Change, in fact, looms large upon the home stretches of the road, and even Barnet Fair is threatened with extinction. Threatened men and threatened institutions live long, but at last some one or something puts a period to their existence; and they are in the end, when people have almost come to consider them immortal, cut off with suddenness. Barnet Fair will doubtless in the near future follow most other fairs into the past tense; but meanwhile, although considered moribund by many, it is without doubt extremely lively. And it is just this lusty liveliness that will, paradoxically, cause its abolition; for the crowds of horse-dealers, and East-End and low-life Londoners in general, who are attracted to it for its annual three days, commencing on the first Monday in September, are not favourably regarded by the “residential” classes of Barnet and the district; although the tradespeople seem to look upon them with tolerably friendly eyes. Opinions are divided, as they must needs be when such opposite ideals of life prevail. The “residents” want peace and quietness: the tradespeople want trade, and they apparently have the ear of the vestry, which so long since as 1888 passed a resolution that as the fair at that time brought over 20,000 people into the district and was the means of some £10,000 to £12,000 being spent there, it would be a great hardship to the commercial classes in Barnet if it were abolished. A memorial was presented to the then Home Secretary praying that the fair should be continued, and the petition proved successful.

BARNET FAIR

“Improvements” have not been lacking of late in Barnet. That they are improvements admits of no doubt, for they have caused the widening of the roadway at a narrow point, and have disclosed the noble parish church to view, It was built in at its eastern end, at some bygone period, with a quaint old house and shop; a picturesque jumble, and one which has, to some, left an aching void in its disappearance. This odd excrescence was an old-world baker’s shop, with carpenter-Gothic stuccoed little house above: not (as may be gathered) admirable for the purity of its style. Like the fly in amber, it was neither rich nor rare, but one speculated on what brought it in such a strange conjunction, built on to the end of the church in such a manner that the uninstructed stranger was at a loss to tell where the ecclesiastical building ended and the merely secular one began.

MONKEN HADLEY CHURCH.

Barnet has been already fully treated of in the pages of the Great North Road and the Holyhead Road, and there remains little else to say of it; but it, among other places, cherishes the diverting story of the postmaster’s wife handing out her husband’s leathern breeches from the bedroom window to the up night mail, instead of the postal bags. The guard did not discover the mistake until Highgate was reached, when he returned on horseback to exchange the wearing apparel for His Majesty’s mails.

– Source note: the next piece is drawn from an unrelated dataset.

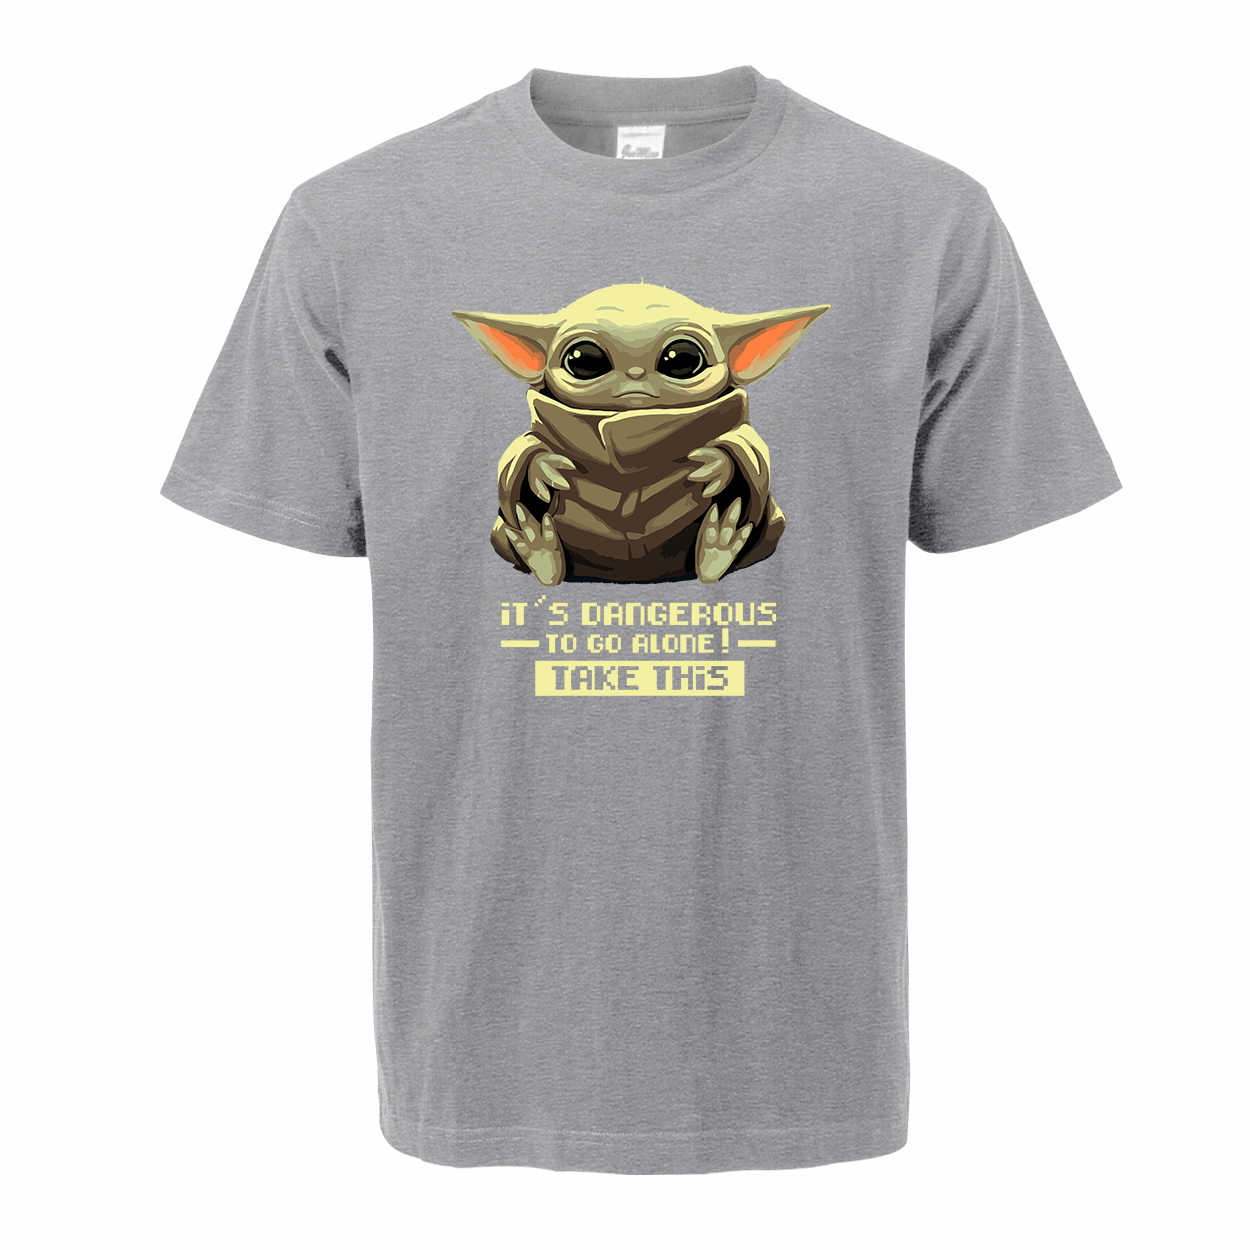 Baby Yoda De Mandalorian Mannen Zomer T-shirt 100% Katoen Ronde Hals Leuke Yoda T-shirt Kerst Tops Tees Star Wars streetwear

The mail-bags themselves were once stolen here. The incident happened in February, 1810, whiles the horses were being changed. Thieves made off with the bags for places from Hatfield to Grantham, and thence to Spilsby and Boston, and although the notice issued on March 1st by the Postmaster-General offered a reward of one hundred pounds for the apprehension of the robber, no one was ever captured, nor did the bags ever reappear.